Flooding has impacted many business across Queensland and New South Wales in recent weeks, with much of the NSW Northern Rivers regions, including Husk Distillery, heavily affected.
The distillery is on the Tweed River floodplain, and while many locals are used to flooding, this year’s water went much higher than previous historic floods, sending homes and businesses underwater.
For the team at Husk, the good news is everyone is OK, and now the clean-up is underway with lots of volunteers from the local communities helping out. The team told The Shout that they started the clean-up by cutting paths in the mud to stop them slipping before going on to clean the floors ahead of working out what equipment needed replacing, including the farm tractor, equipment, and packaging.
Marketing and Hospitality GM Harriet Messenger said that at the height of the flood, she and her fiancé had to head to the Gold Coast to find stock feed for their cattle who usually eat the distillery waste. After finding seven bales of barley hay, they had to hop on a barge, driven by a local, over their paddocks of sugar cane and past the underwater distillery just to get the feed to the cattle.

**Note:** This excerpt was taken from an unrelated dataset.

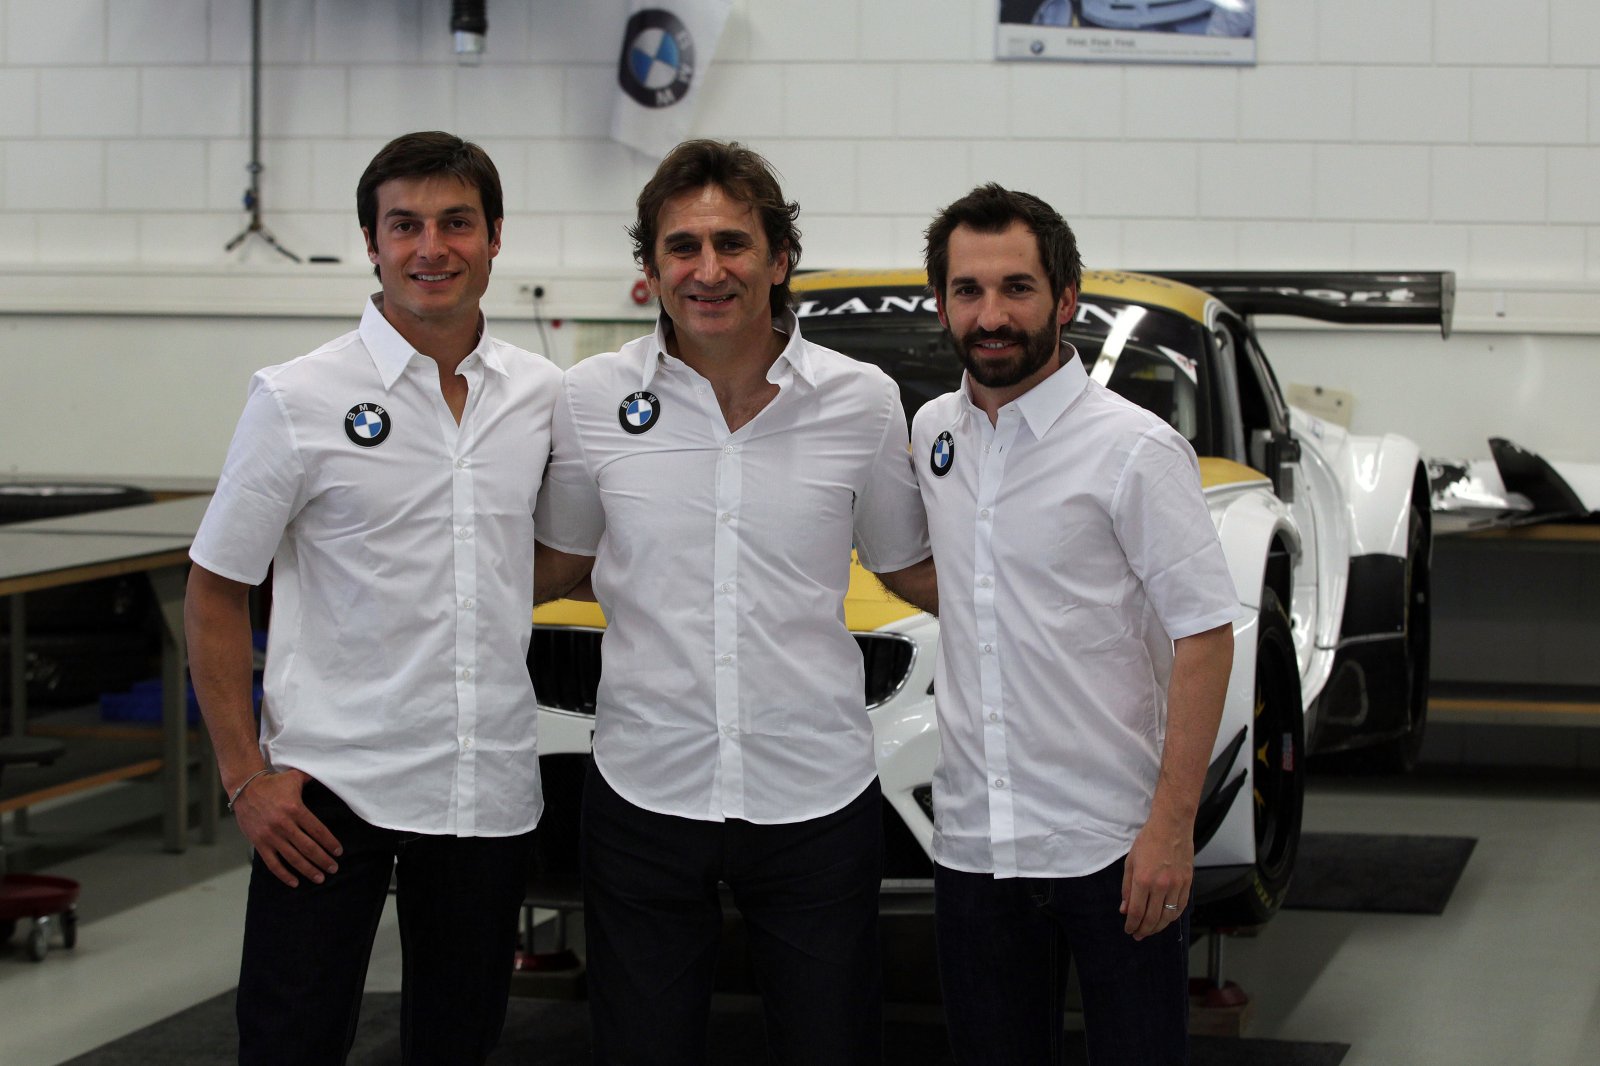 Timo Glock and Bruno Spengler team up with Alex Zanardi for Total 24 Hours of Spa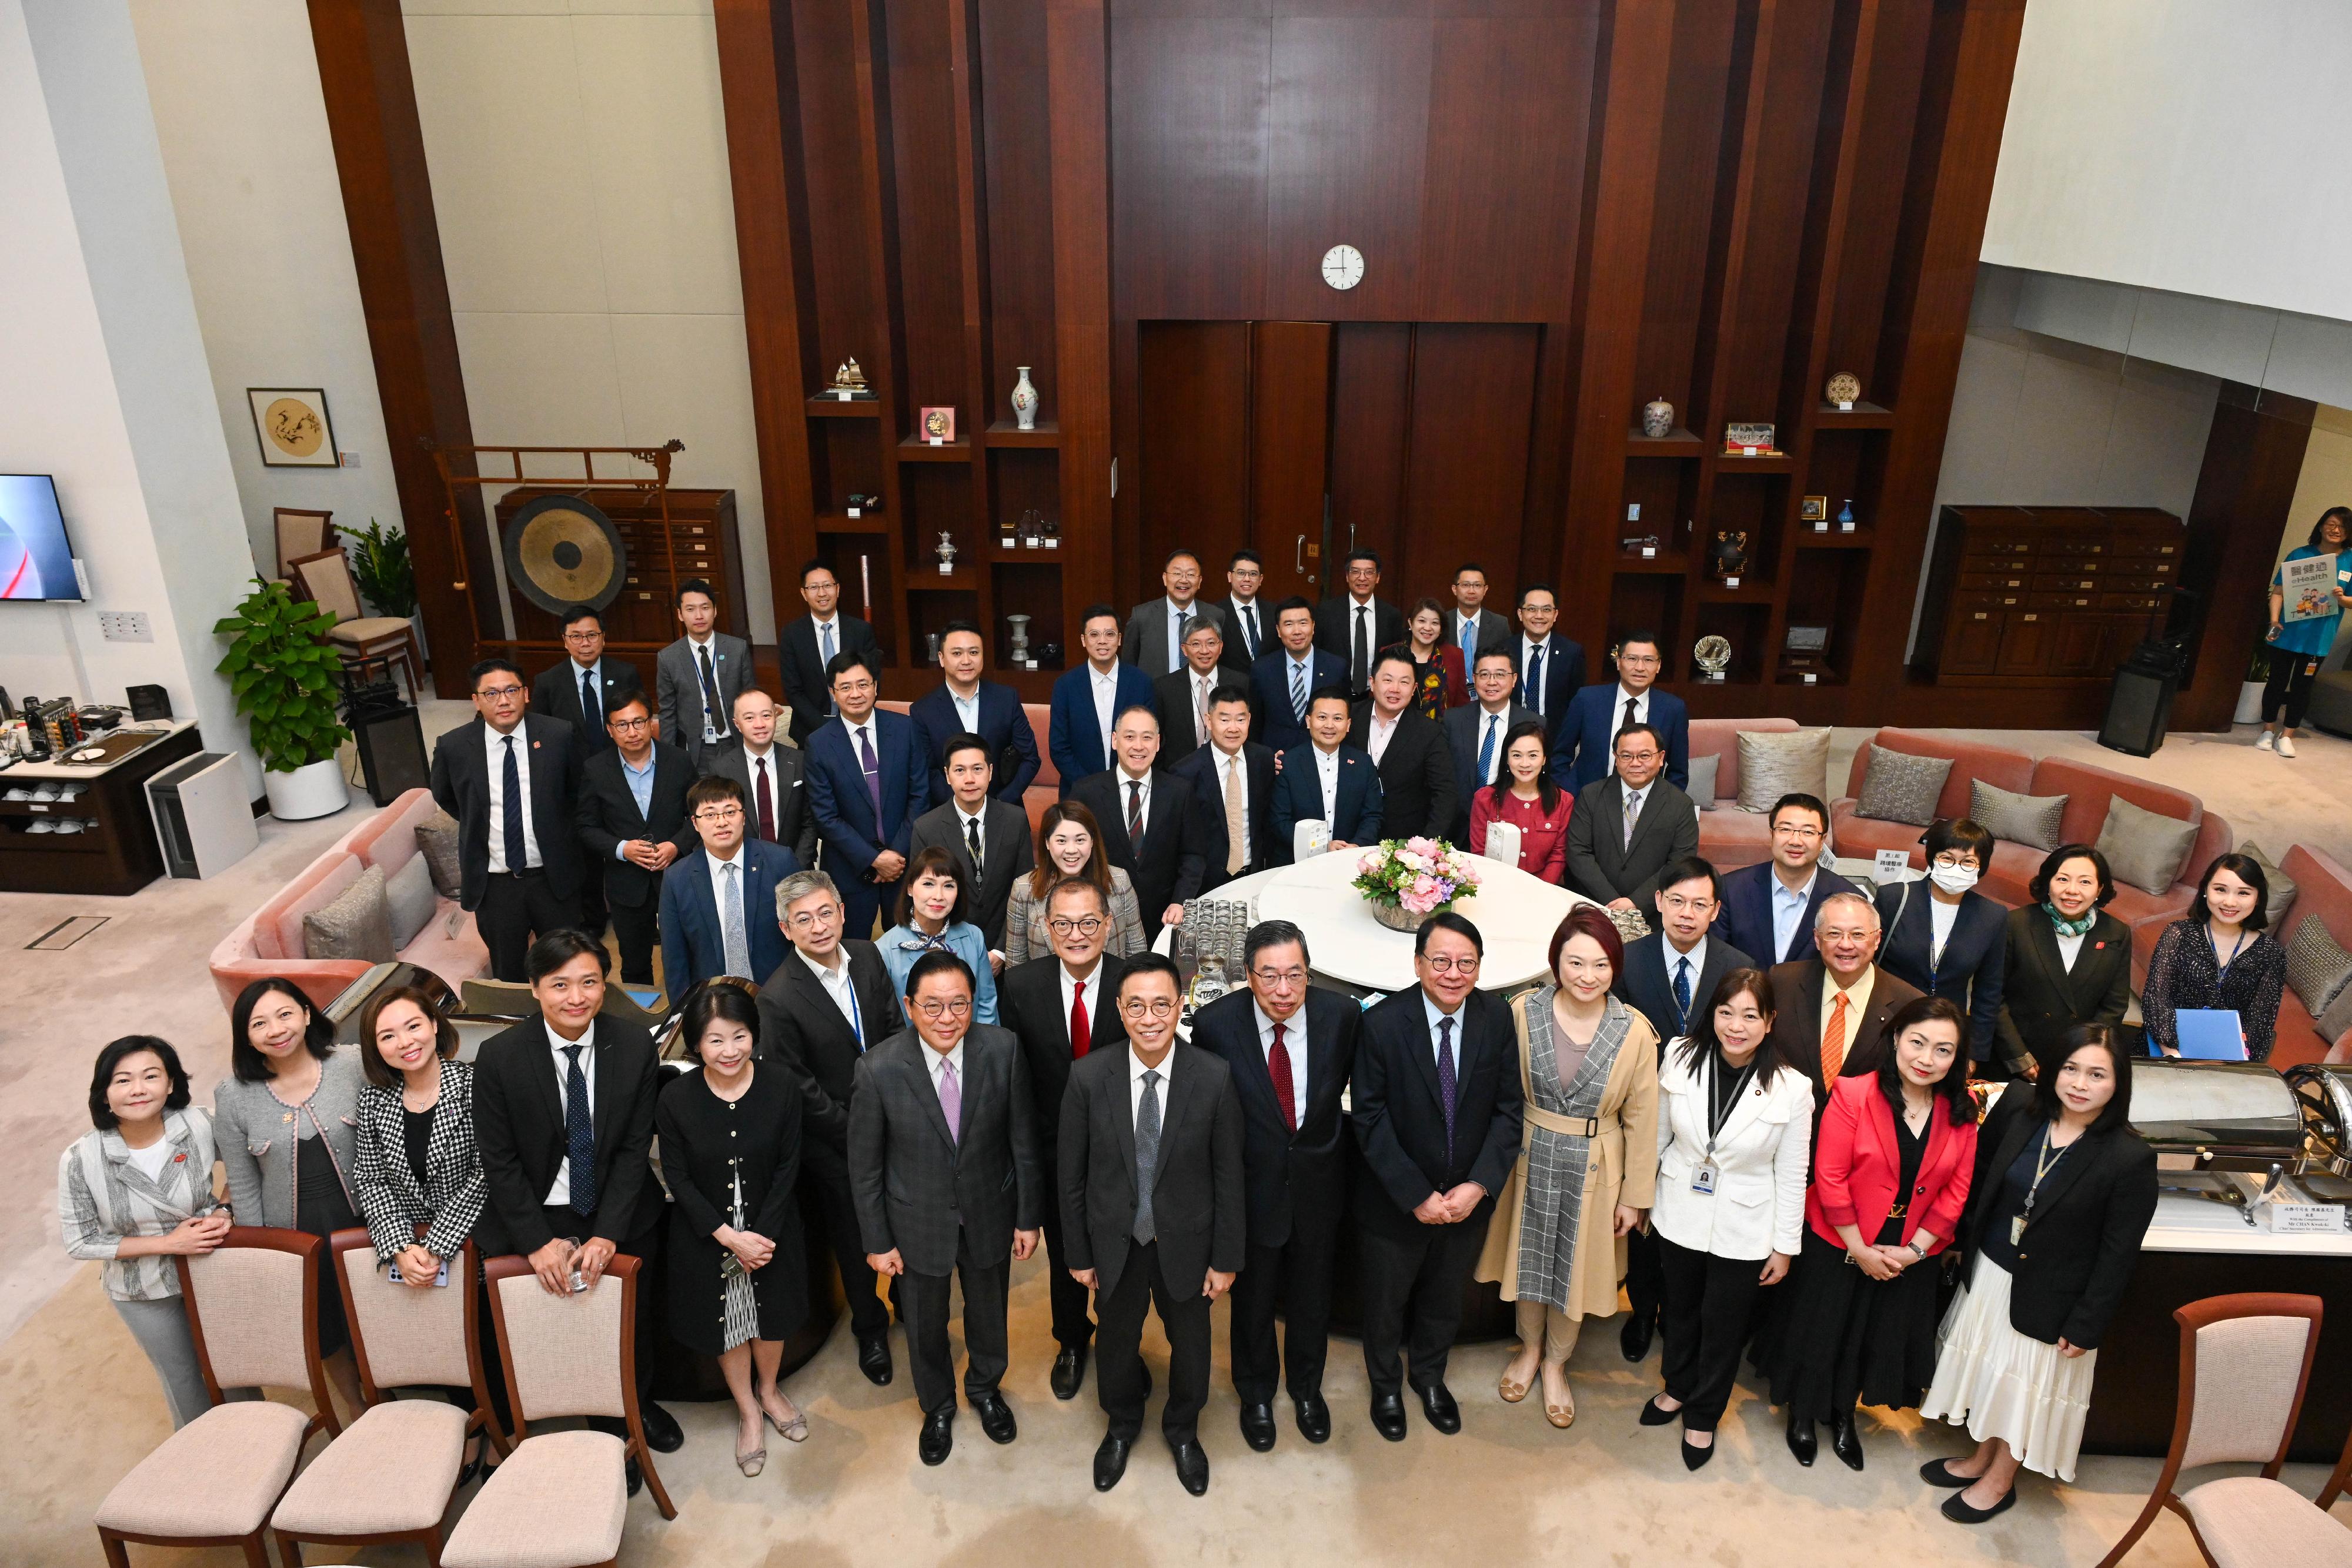 The Chief Secretary for Administration, Mr Chan Kwok-ki, attended the Ante Chamber exchange session at the Legislative Council (LegCo) today (April 10). Photo shows Mr Chan (first row, fifth right); the President of the LegCo, Mr Andrew Leung (first row, sixth right); the Secretary for Culture, Sports and Tourism, Mr Kevin Yeung (first row, seventh right); the Secretary for Health, Professor Lo Chung-mau (first row, seventh left); the Secretary for Home and Youth Affairs, Miss Alice Mak (third row, second right), with LegCo Members before the meeting.

The full clean-up for residents of the valley and for Husk themselves is going to be a lot longer than this initial two weeks. Especially for those families who have sadly lost everything in the floods and the team at Husk wants to shout out to all other affected businesses and residents in their local areas of the Tweed, Byron, Ballina, Lismore and beyond. They ask for good vibes to be sent out and want to let the Australian public know that there are plenty of charities they can donate to, that will help the people who have lost everything in these devastating floods.
The team at Husk now has the distillery reopened and Husk products are now available for trade through nocwholesale.com and for consumers through nipofcourage.com.